University of the Thai Chamber of Commerce
- Motto: Top University in Trade & Services in ASEAN
- Type: Private, non-profit
- Established: 1940 as College of Commerce; 1984 full university status
- President: Associate Professor Thanavath Phonvichai Ph.D.
- Students: 20,000 undergraduate and graduate
- Location: Bangkok, Thailand
- Campus: Urban: Din Daeng District;
- Website: http://www.utcc.ac.th

= University of the Thai Chamber of Commerce =

Private non-profit higher education institution in Bangkok, Thailand

The University of the Thai Chamber of Commerce (UTCC) (Thai: มหาวิทยาลัยหอการค้าไทย) is a private non-profit higher education institution in Bangkok, Thailand. The university's origin dates back to 1940, with the foundation of the College of Commerce in Bangkok. In 1984, the college was granted full university status under its present name.
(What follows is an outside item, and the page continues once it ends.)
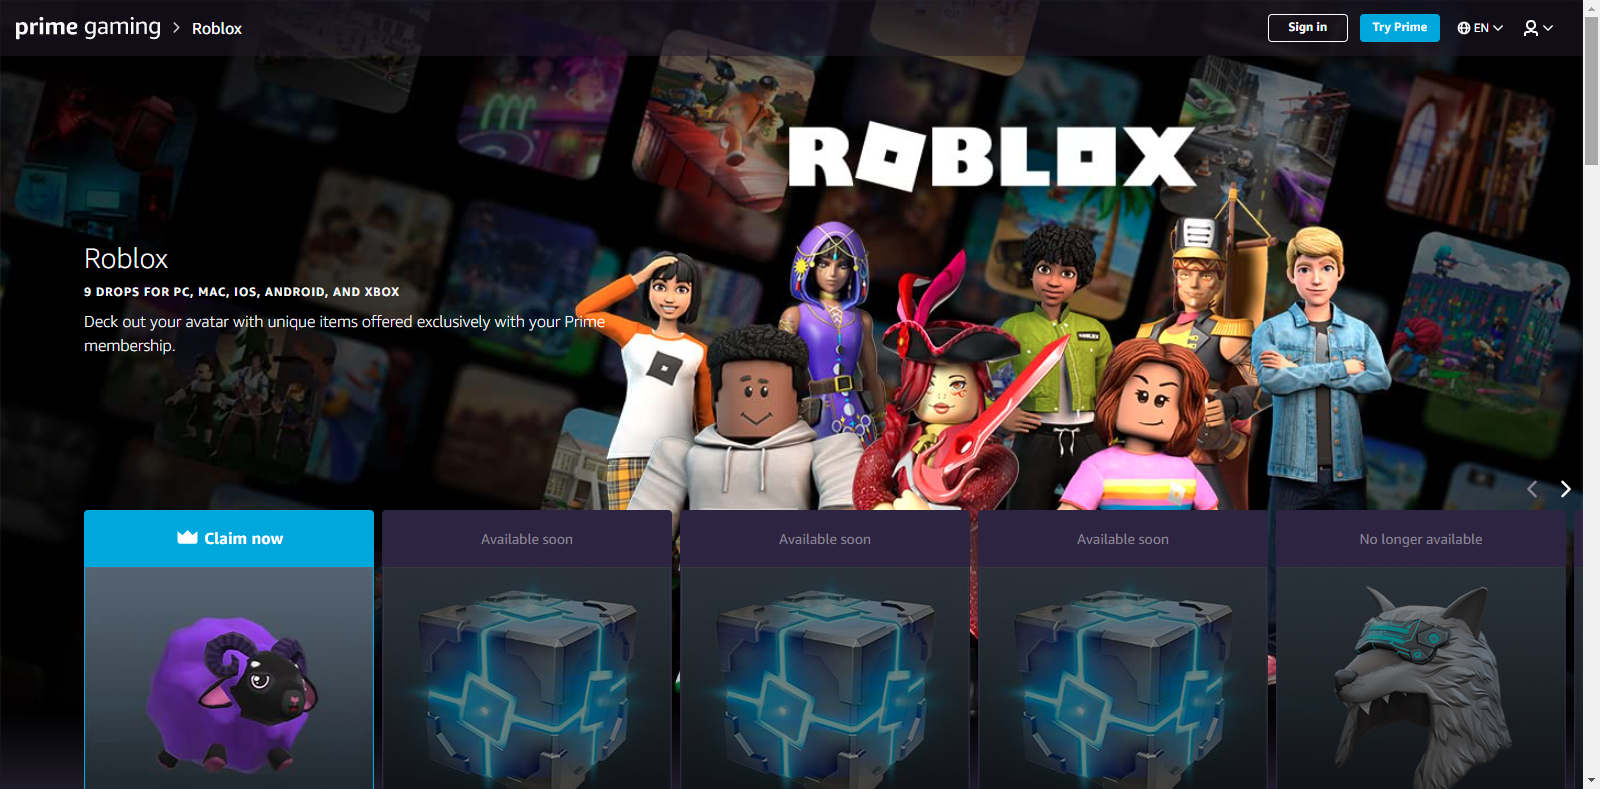 WANT FREE ROBLOX ITEMS? Deck out your avatar with unique items

The university is academically organized into eight schools: business, accountancy, economics, humanities, science, communication arts, engineering, and law. All offer degree programs, in English and Thai, to the doctoral level. The university has strong ties to entrepreneurs in Thailand through its founding body, the Thai Chamber of Commerce. It also serves in various advisory functions to several ASEAN countries. The university's business school is accredited by the US Accreditation Council for Business Schools and Programs.
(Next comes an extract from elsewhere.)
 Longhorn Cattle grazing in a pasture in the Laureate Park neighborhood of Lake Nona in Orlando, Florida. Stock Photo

The university enforces a strict student dress code.

==History==
The university has the longest history of private higher education in Thailand. At its founding, the College of Commerce offering a six-month program and a two-year program for 300 students. It reopened in 1963, after its closure in December 1941 following the Japanese invasion and occupation of Thailand. On 17 June 1970, the college was formally accredited under the Private College Act. The first bachelor's degree programs were offered in 1967, and in 1973 the college moved to its present location in Bangkok's Din Daeng District. On 24 October 1984, it became a full university.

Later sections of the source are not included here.